"Man lebt genauso wie vorher, nur eben anders"

18. August 2009, 11:19

Manchmal vermisst Claudia Menz ihr "altes Leben", trotzdem kann sie ein Baby "nur jedem empfehlen"

Nachdem wir so absolut nicht mehr damit gerechnet hatten nach endlosen Jahren des Probierens, war er plötzlich da. Unser Sohn. Vorbereitet waren wir kein bisschen. Im Nachhinein
gesehen kann man sich auch gar nicht darauf vorbereiten. Eine Nacht lang durchtanzen ist
weniger anstrengend als ein schreiendes Kind stundenlang hin und her zu wiegen. Es gibt
aber auch nichts Schöneres wenn man das erste Mal angelächelt wird, das erste Wort,
die ersten Schritte. Diese magische Momente trösten einen über all die Anstrengungen hinweg.

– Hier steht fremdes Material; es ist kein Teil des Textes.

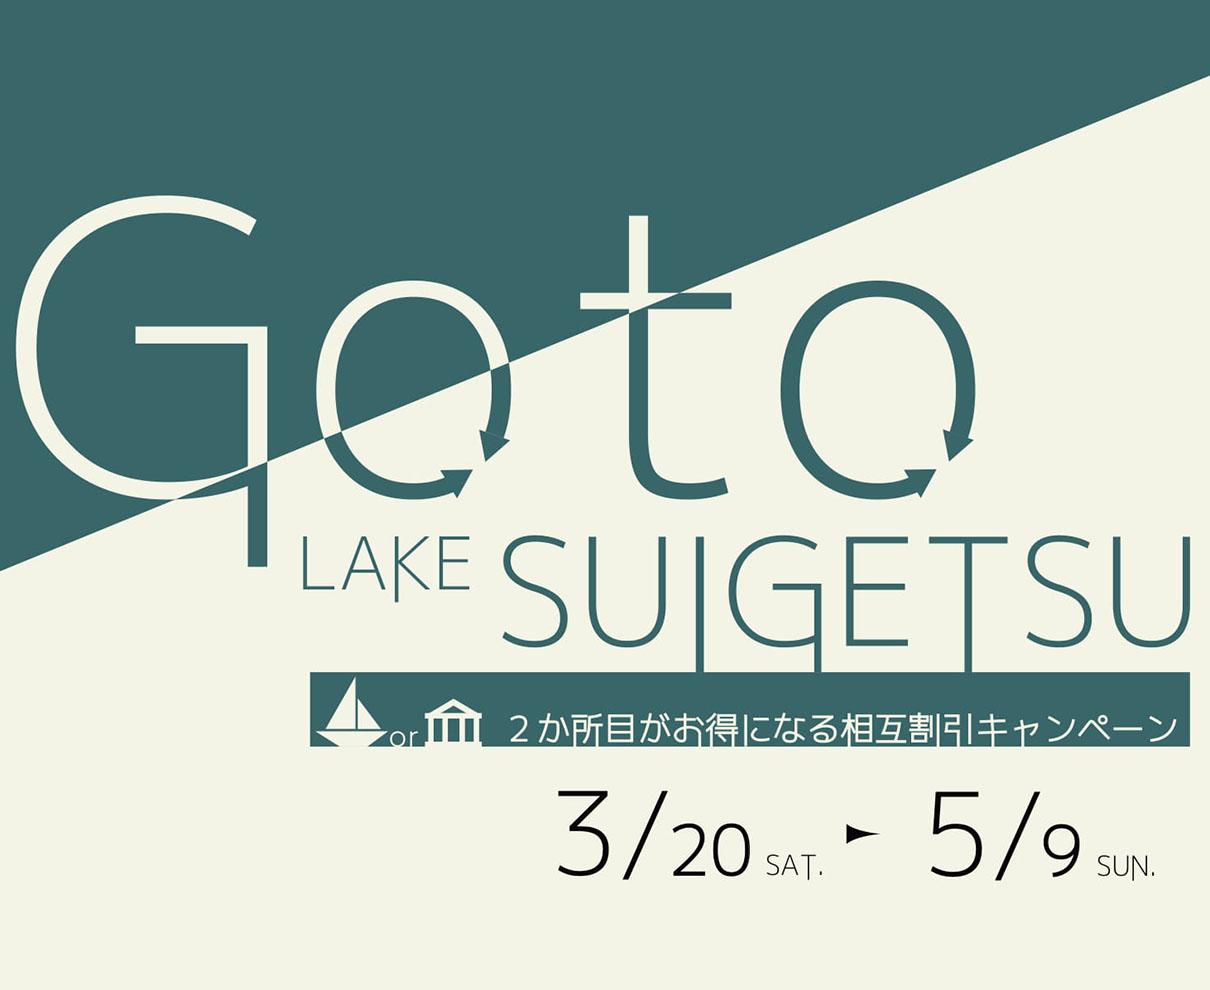 三方五湖をお得に満喫「Go to Lake Suigetsu」キャンペーン開催中!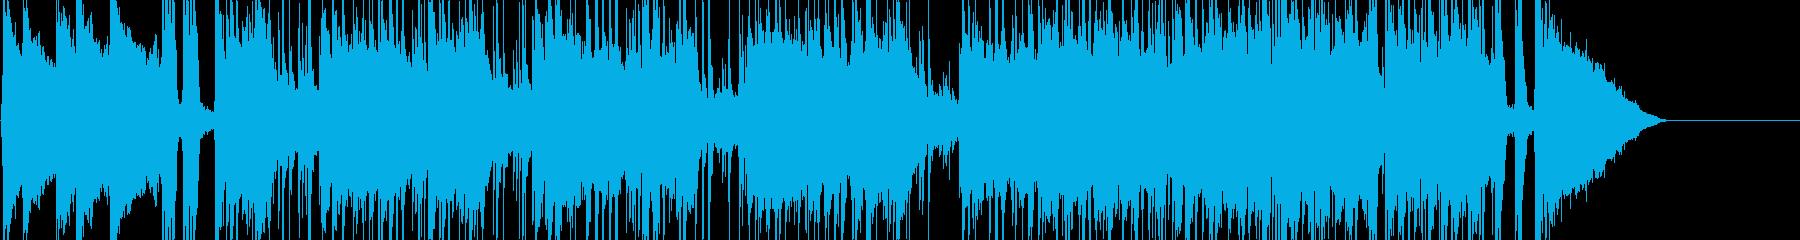 激しい 力強い アタック 場面転換の再生済みの波形

Ob ich mein "altes" Leben vermisste. Ja - manchmal! Sonntags ausschlafen, spontan weggehen ohne Riesentaschen voller Windel, Feuchttüchern, Babyflasche, Umziehsachen, Schmusedecke ... einfach tun und lassen können was man will, vor allem wann man es will und nicht wenn das Baby mal schläft oder friedlich auf der Krabbeldecke liegt.

100 Grad-Wendung

Schlimm war für mich die Zeit als mein Freund nach seinem Babyurlaub wieder arbeiten gegangen ist. Da wurde mir zum ersten Mal bewusst, dass das Leben der anderen ganz normal weiterläuft, während meines eine 100 Grad-Wendung nahm. Mein neues Leben bestand anfangs nur noch aus Stillen, Windelwechseln, Kinderarztbesuche, Spazieren gehen, kochen, waschen, putzen.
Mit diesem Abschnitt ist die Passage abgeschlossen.